How are investors their own worst enemy?

Individual investors who actively trade common stocks tend to make trading errors. Many investors don’t realize that they are trading against a professional or against a computer that belongs to and was programmed by a professional. Even though the investor might be smart, the professional investor is also smart, has been trading for years, and isn’t doing so in his or her spare time. For the professional, this is a full-time job, working with a team, and with access to a lot of information.

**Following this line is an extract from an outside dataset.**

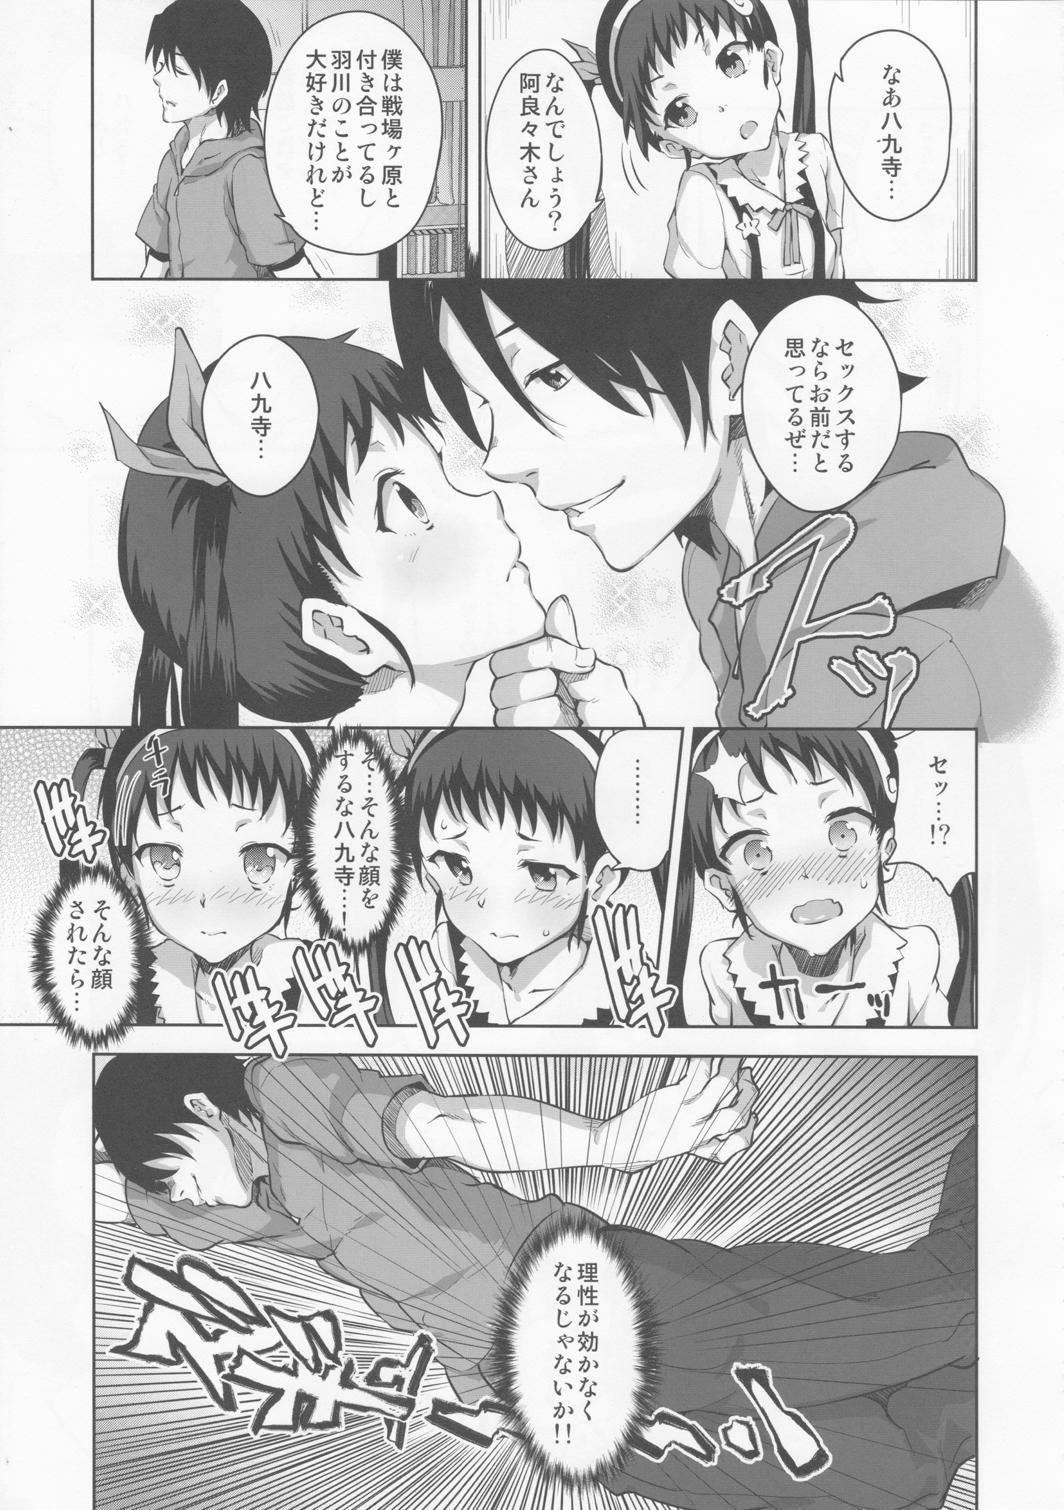 Namekuji Mayoigatari 5

Investors are their own worst enemy when they say, “Oh, I’m going to beat the professionals at their own game in my spare time.” It’s not that surprising that people don’t do well. As in my own case, many investors suffer from a lack of understanding and some overconfidence.

As an investor, you should buy and hold; don’t be an active trader. You’ve got to diversify. That eliminates a tremendous amount of risk. Keep your fees low. Fees are like the underside of the iceberg, often ignored but a real danger when it comes to long-term investing. Paying attention to fees will leave you with a lot more money in the long run. And, finally, in your taxable accounts, you should pay some attention to the tax consequences of your investment and trading policies.


What does it mean to save more tomorrow?

Save More Tomorrow isn’t my idea. [Behavioral economists] Richard Thaler and Shlomo Benartzi came up with this, and it is a great idea. People say you should save more, but what if you can’t live on anything less than what you have right now?

There are various ways to implement Save More Tomorrow. The variation I tend to recommend is to commit that the next time you get a raise, you’re going to put half your raise to savings and continue to do that every time you get a raise until you get up to your target saving level.

Saving more tomorrow doesn’t have to be when you get a raise nor does it have to be half of your raise. It could be the whole raise. This is a strategy that will help get you to where you want to go relatively painlessly.


Why should we believe that stocks will continue to go up in the long term?

The long-term rise in the market is not for sure. There is risk. If there were no risk whatsoever, then the potential reward would be a lot lower. When you invest, especially if you buy an all-market index fund, you’re basically investing in the economy. For a U.S. fund, you’re investing in the U.S. economy. Of course, most people should also diversify internationally.

There is some risk that over the next 30 years the economy won’t continue to grow and produce. But very likely, it will grow. The alternative at the other end of the risk spectrum is to buy Treasury bonds or inflation-protected Treasury bonds. However, for many young people, investing only in Treasuries can be risky because doing so is just not going to give enough of a return to provide enough money in retirement.

I think that as people get closer to retirement they should dial down the risk in their portfolio. How much risk you can take also depends on how much wealth you have.


Notes:
All investing is subject to risk and the possible loss of the money you invest.

Diversification does not ensure a profit or protect against a loss.

Professor Odean’s views are not necessarily Vanguard’s views.